KOBAS on the Command Line¶
Getting the databases¶
To run the tool you need some public data. The files can be downloaded directly from the KOBAS homepage. These directories are also available as two tar archives in the CyVerse Data Store. The files are best downloaded with iCommands. Once iCommands is setup you can use ‘iget’ to download the data.
- seq_pep.tar: species-specific BLAST databases used by KOBAS
iget /iplant/home/shared/iplantcollaborative/protein_blast_dbs/kobas/seq_pep.tar
tar -xf seq_pep.tar
- sqlite3.tar: species-specific annotation databases used by KOBAS
iget /iplant/home/shared/iplantcollaborative/protein_blast_dbs/kobas/sqlite3.tar
tar -xf sqlite3.tar
Note
The above commands should result in two directories (seq_pep and sqlite3) each containing many files. There is no need to unzip the .gz files.
Container Technologies¶
KOBAS is provided as a Docker container.
A container is a standard unit of software that packages up code and all its dependencies so the application runs quickly and reliably from one computing environment to another.
There are two major containerization technologies: Docker and Singularity.
Docker containers can be run with either technology.
Running KOBAS using Docker¶
About Docker
- Docker must be installed on the computer you wish to use for your analysis.
- To run Docker you must have ‘root’ permissions (or use sudo).
- Docker will run all containers as ‘root’. This makes Docker incompatible with HPC systems (see Singularity below).
- Docker can be run on your local computer, a server, a cloud virtual machine (such as CyVerse Atmosphere) etc. Docker can be installed quickly on an Atmosphere instance by typing ‘ezd’.
- For more information on installing Docker on other systems see this tutorial: Installing Docker on your machine.

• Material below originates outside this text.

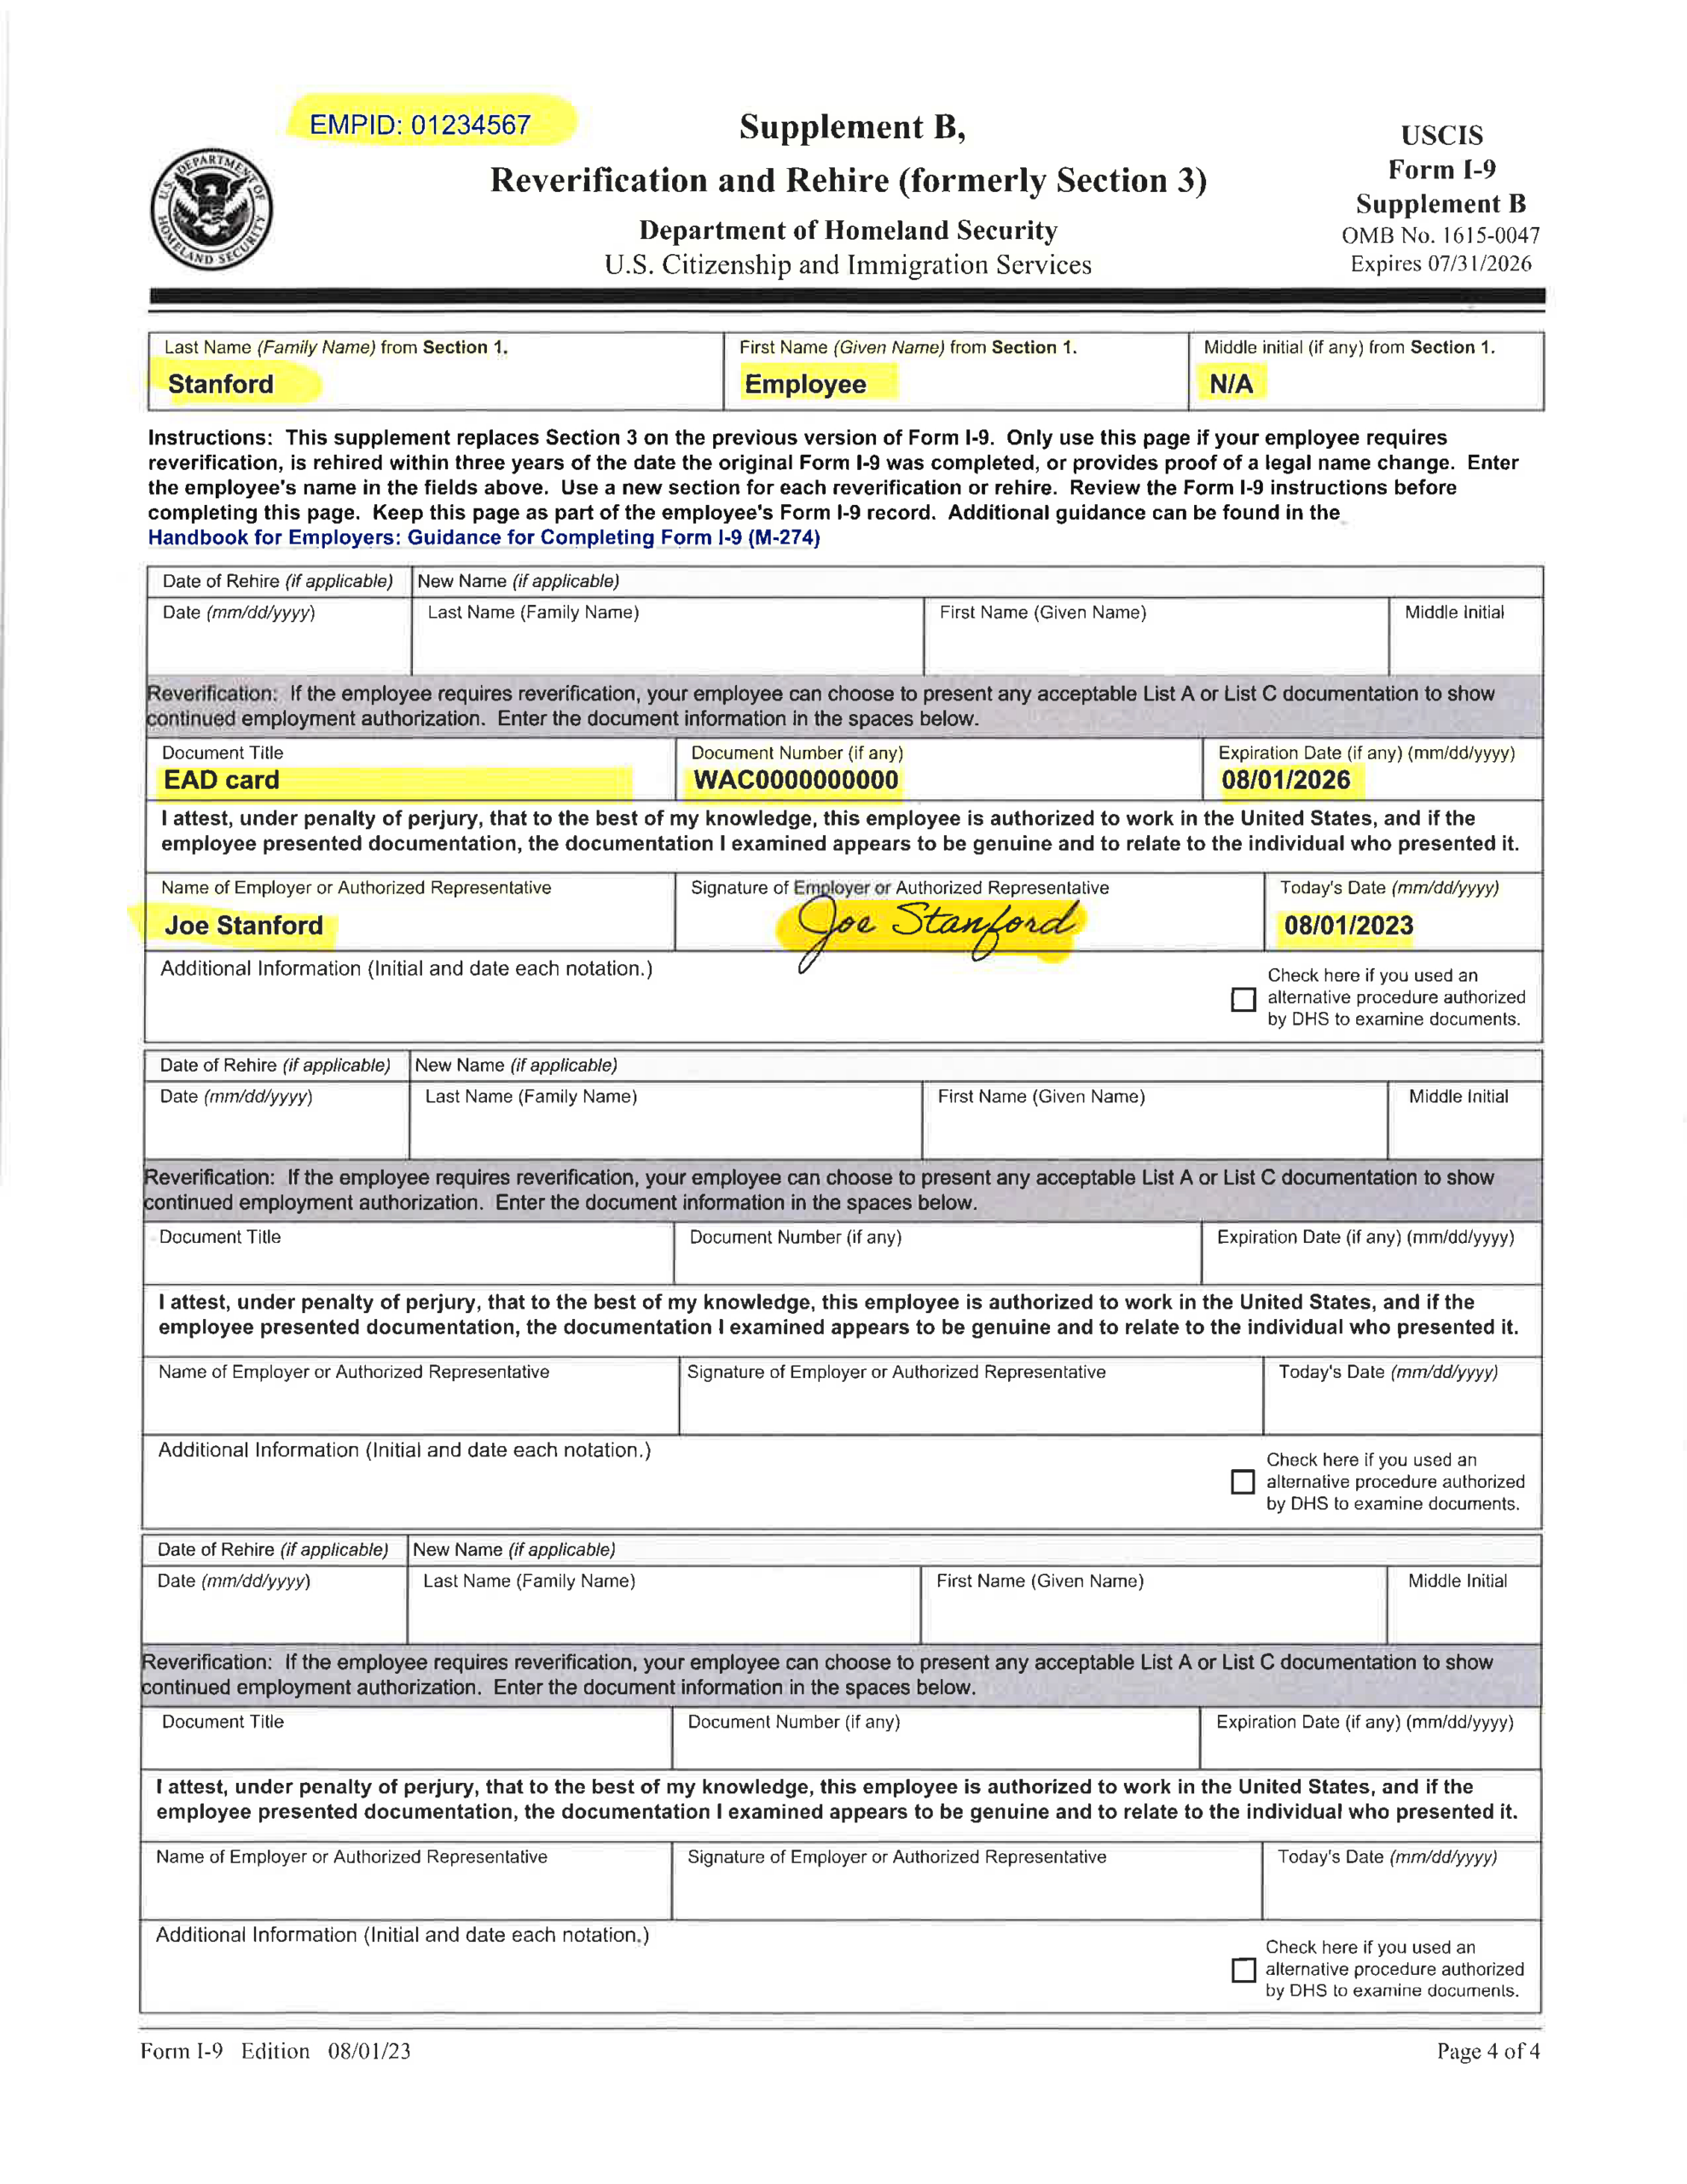 Examples Of Updated Form I-9 within Current I-9 Form

Getting the KOBAS container¶
The KOBAS tool is available as a Docker container on Docker Hub: KOBAS container
The container can be pulled with this command:
docker pull agbase/kobas:3.0.3_0
Remember
You must have root permissions or use sudo, like so:
sudo docker pull agbase/kobas:3.0.3_0
Running KOBAS with Data¶
Getting the Help and Usage Statement¶
sudo docker run --rm -v $(pwd):/work-dir agbase/kobas:3.0.3_0 -h
Tip
- There are 3 directories built into this container. These directories should be used to mount data.
- /work-dir
- /seq_pep
- /sqlite3
KOBAS can perform two tasks - annotate (-a) - identify (enrichment) (-g)
KOBAS can also run both task with a single command (-j).
Annotate Example Command¶
sudo docker run \
--rm \
-v /home/amcooksey/i5k/seq_pep:/seq_pep \
-v /home/amcooksey/i5k/sqlite3:/sqlite3 \
-v $(pwd):/work-dir \
agbase/kobas:3.0.3_0 \
-a
-i AROS1000.fa \
-s dme \
-t fasta:pro \
-o AROS1000
Command Explained¶
sudo docker run: tells docker to run
–rm: removes the container when the analysis has finished. The image will remain for future use.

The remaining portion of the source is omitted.